In a subtle rebuke to them St Paul reminds them of their backgrounds. He states, “how many of you were influential people, or came from noble families?” Despite all this “God chose…those who are nothing at all to show up those who are everything.”
So to be able to embrace the Beatitudes with our whole life there must be a humility in our hearts. Self-made, privileged societies struggle in understanding this basic message of Christianity – just like us in Australia.
This came to my mind a few years ago when a young man considering becoming a priest contacted me. He sought my advice regarding becoming a Seminarian. I contacted him and asked if he could write me an overview of his life and reasons that he felt God was now calling him to the priesthood.
Sure enough, it wasn’t long before I received a rather fulsome response. However, the response disappointed me somewhat. It was more of a resume of his life. It was almost a curriculum vitae (CV). Although I was delighted to learn of his qualifications, his places of employment and interests, I was more interested to see these details placed in a broader perspective of God’s call in his life and why he felt that call was directed towards the priesthood. In other words, I was looking not so much for a “resume self” but a “eulogy self.”

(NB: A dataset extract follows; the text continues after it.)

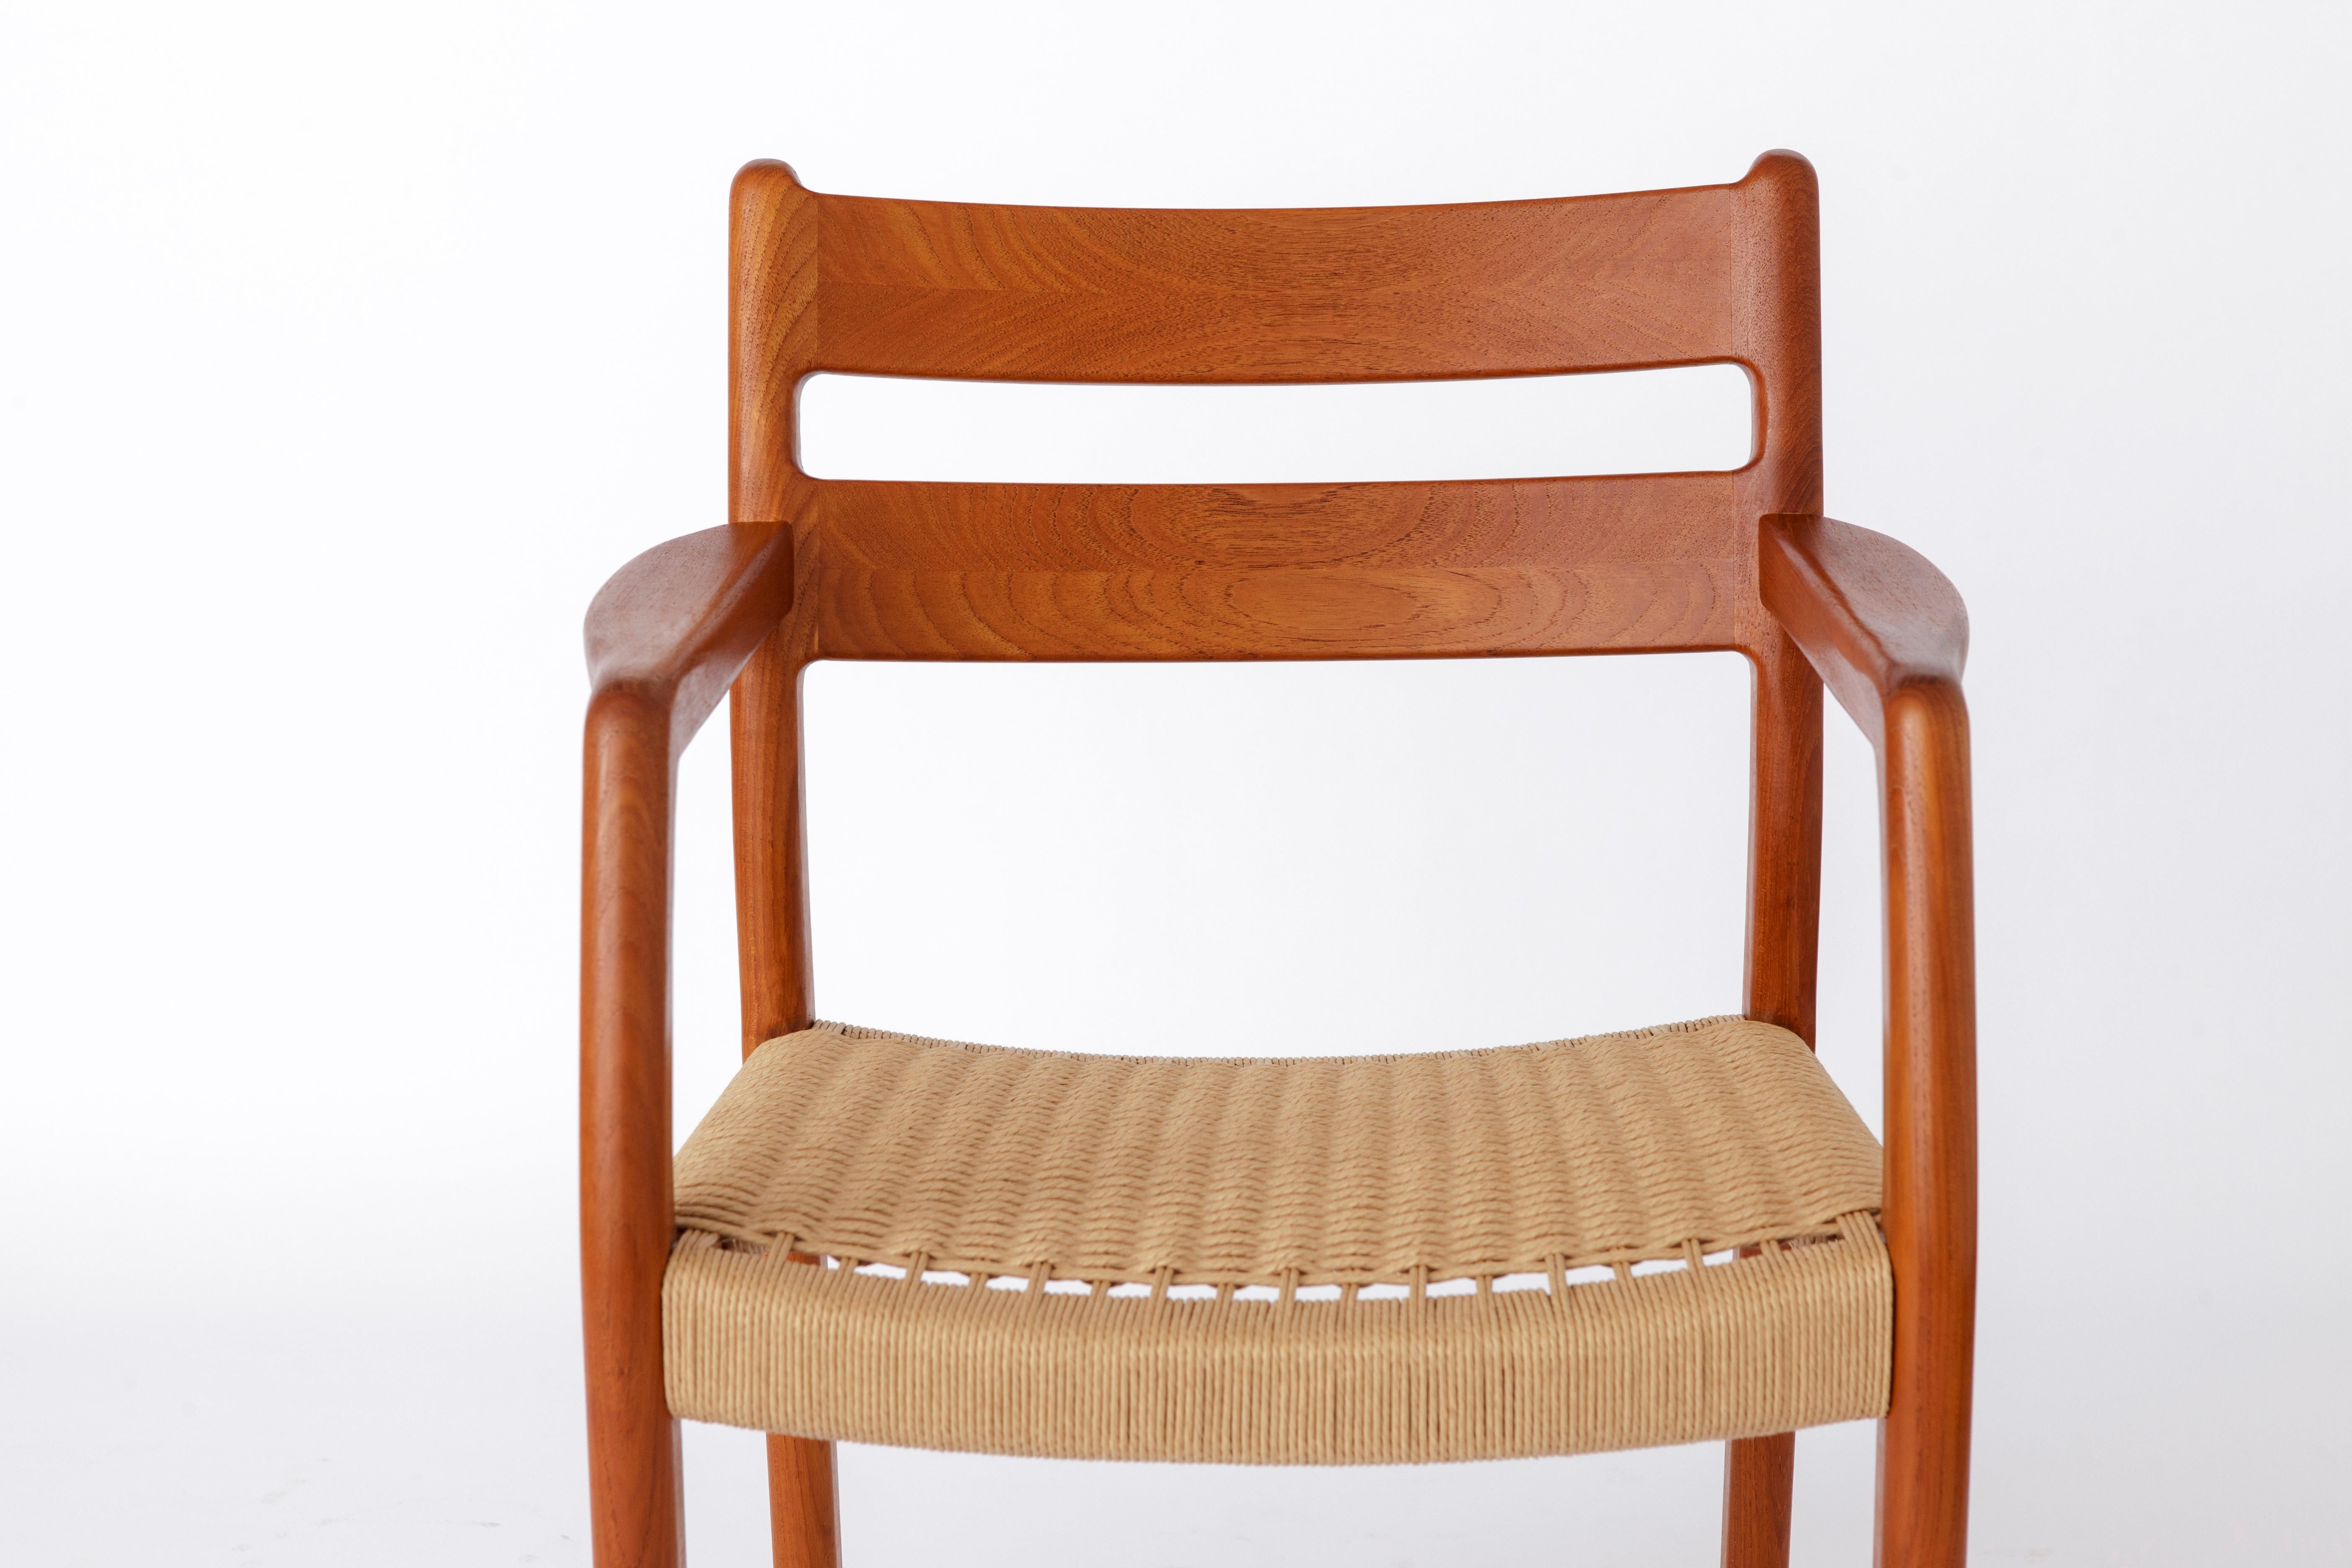 Set of 3 Vintage Chairs 1960s EMC Mobler Danish Teak In Good Condition For Sale In Hannover, DE

Eulogies are often said at the funerals of our deceased loved ones. Maybe somebody will give an appreciation of their contribution taking their whole life in as the panorama. Indeed, it is a good idea for all of us to have that idea of a self-eulogy going through our mind and heart as we progress on life’s journey. Otherwise we find ourselves just simply articulating the little “trophies” that we have accumulated. This is in contrast to perhaps what we have learnt about life and how we have responded to the Beatitudes in our lives of faith.
A good example of this in more recent times happened in the days after the death of Pope Benedict XVI.
It is a good example of a “eulogy self.”
We heard, for example, that the last words that he uttered were the following, “Jesus, I love you!” What a beautiful summary eulogy he had on his lips as he was about to meet his Maker.
In the days following his death, also, a spiritual testimony that he wrote some years ago was published. In this testimony he reviewed his life and offered some simple comments. It was a real “eulogy” type of appreciation.
Pope Benedict XVI talked in a very humble and simple way about his gratitude to God for his wonderful parents and his brother and sister. He also talked about his life tasks as to show forth a reasonableness of our faith. It was as simple as that. I found this incredible given the fact that Pope Benedict was one of the most academic and sophisticated Germanic Popes the Church has ever produced. Yet his self-eulogy was so simple and humble. Clearly he was a man of the Beatitudes.
In those early days after his death Pope Francis summarised it beautifully. He said that the key to understanding the long years of priesthood of Joseph Ratzinger was to appreciate the following expression, “the search for the beloved.” Joseph Ratzinger had a great sense that he was loved by God. His life’s journey was to search for God more and more and to explain in terms that were reasonable to human beings of our time and place, how this search for the beloved is a universal search.
In this light it is interesting to note in the First Reading today the word “seek” occurs four times.
Zephaniah states, “Seek the Lord…Seek integrity…Seek humility…Seek refuge in the name of the Lord.” Seeking and searching are surely the same thing. Living out the Beatitudes is a continual search for God, the Beloved. So as we now go on with the Mass let us use for our “Gospill” the final words of Pope Benedict. Let us find in our heart and on our lips in the coming week his beautiful prayer and say with him, “Jesus I love you!”